Was auf jeden Fall gehen müsste: Den Text auf eine Webseite packen, auf der die Leser von ihren verschiedenen Geräten aus dein Buch lesen können. Die URL könntest du wiederum in dein gedrucktes Buch packen. Eine Webseite wird wohl kaum als Buch durchgehen. Willst du deinen Online-Text aber wirklich nur Käufern des gedruckten Buches zugänglich machen, bliebe das Problem der Zugangskontrolle (dieses Problem hättest du auch bei der PDF-Version).

Machst du hier eine Paywall oder ein "pay what you want" (ich würde nicht mal ausschließen, dass ein Patreon-Button darunter fälllt), könntest du wiederum doch in die im Artikel aufgeführte Falle stolpern, sobald dir ein findiger Anwalt nachweist, dass das doch ein Buch ist, was du da anbietest und dass das mal so und mal so viel kostet.

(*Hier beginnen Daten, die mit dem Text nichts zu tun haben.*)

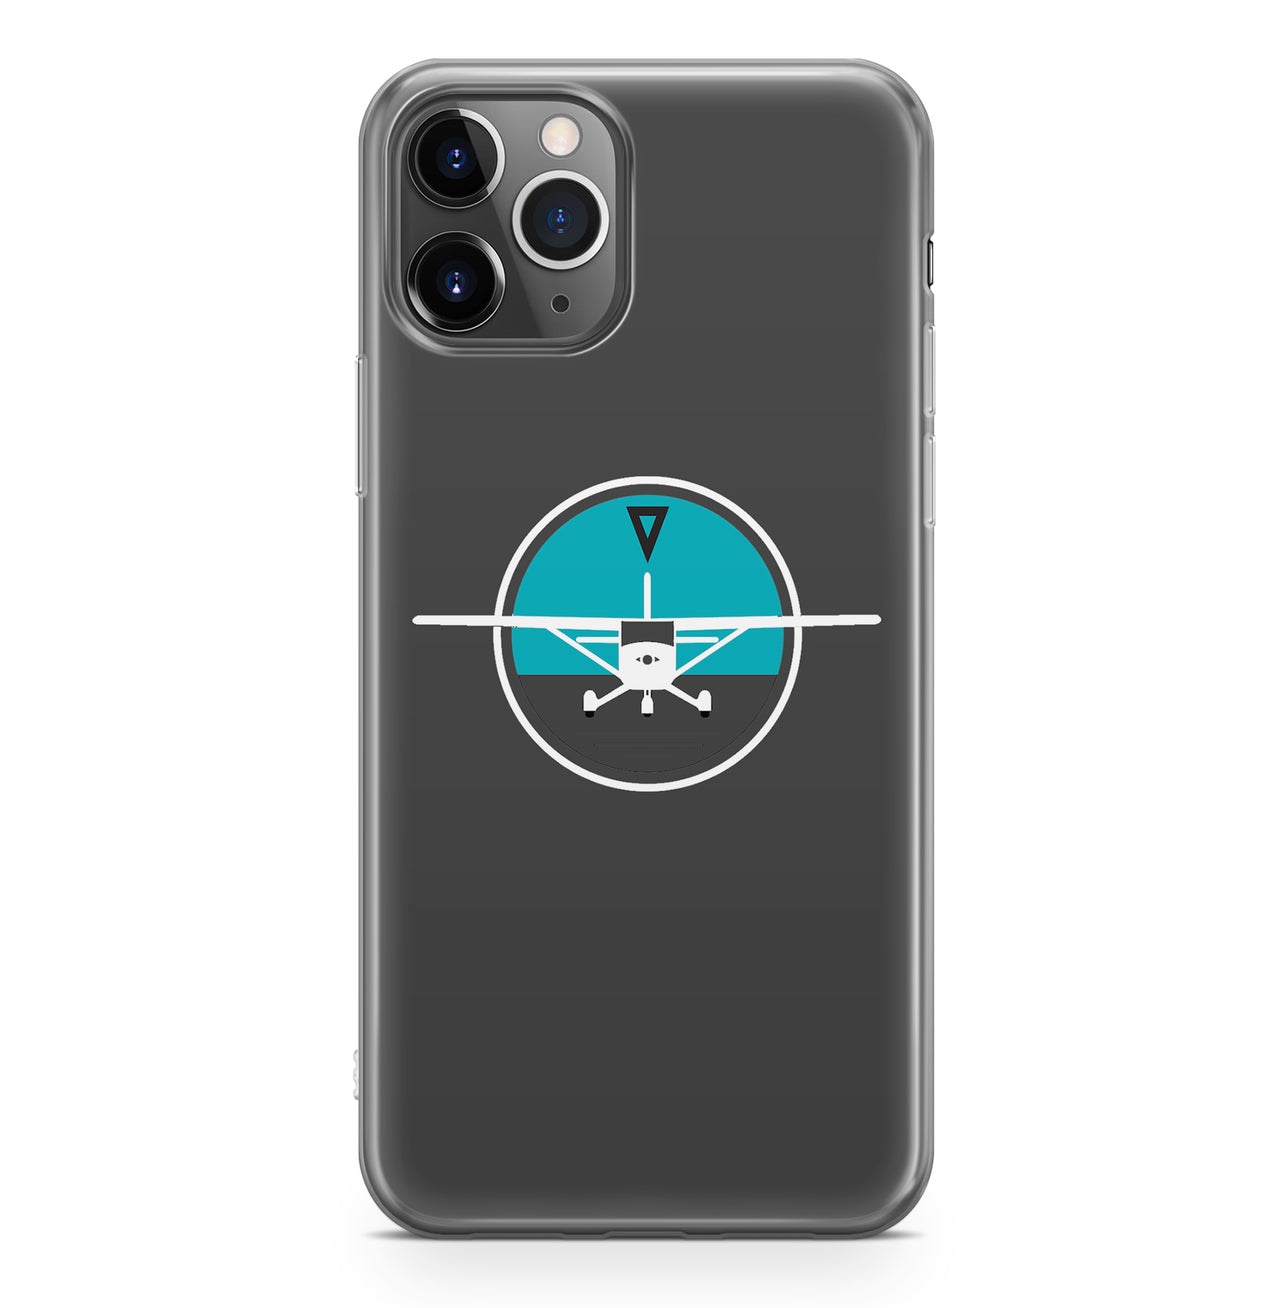 Cessna & Gyro Designed iPhone Cases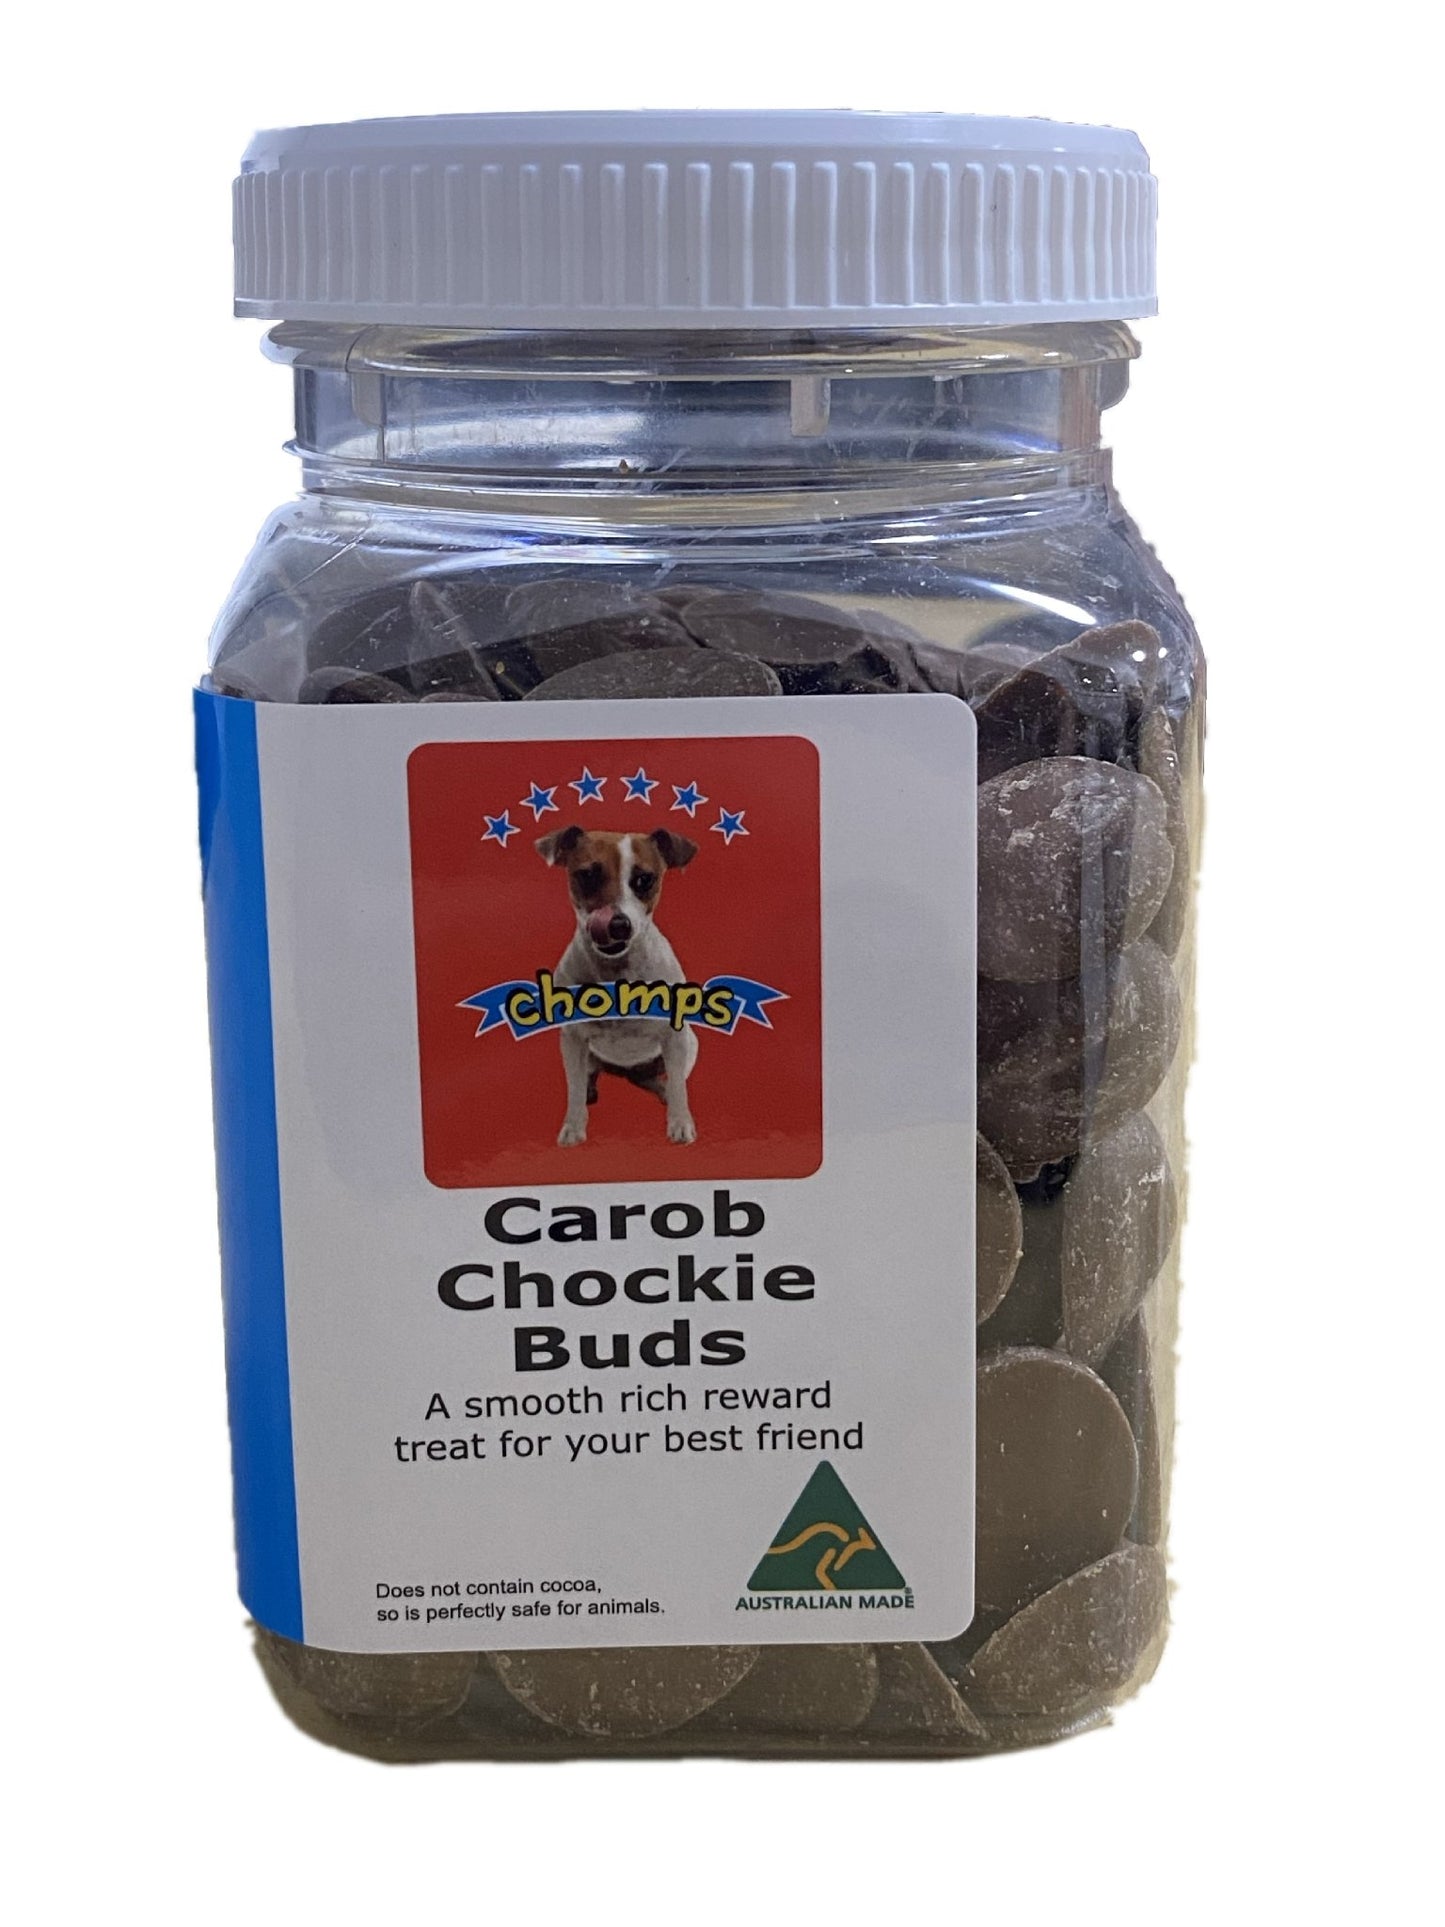 Carob Chockie Buds 225g K9 - Woonona Petfood & Produce

Betrachtet man sich die im Artikel aufgeführten Fälle, sollte man ziemlich schnell merken, dass so was mit dem gesunden Menschenverstand nicht unbedingt was zu tun haben muss.

Geht es dir darum, Käufern deines gedruckten Buches eine elektronische Version deines Buches kostenlos zur Verfügung zu stellen, wären das so die einzigen kreativen Ideen, die mir da spontan einfallen würden (natürlich ohne jeglich juristische Gewähr). Generell würde ich einfach die Finger davon lassen.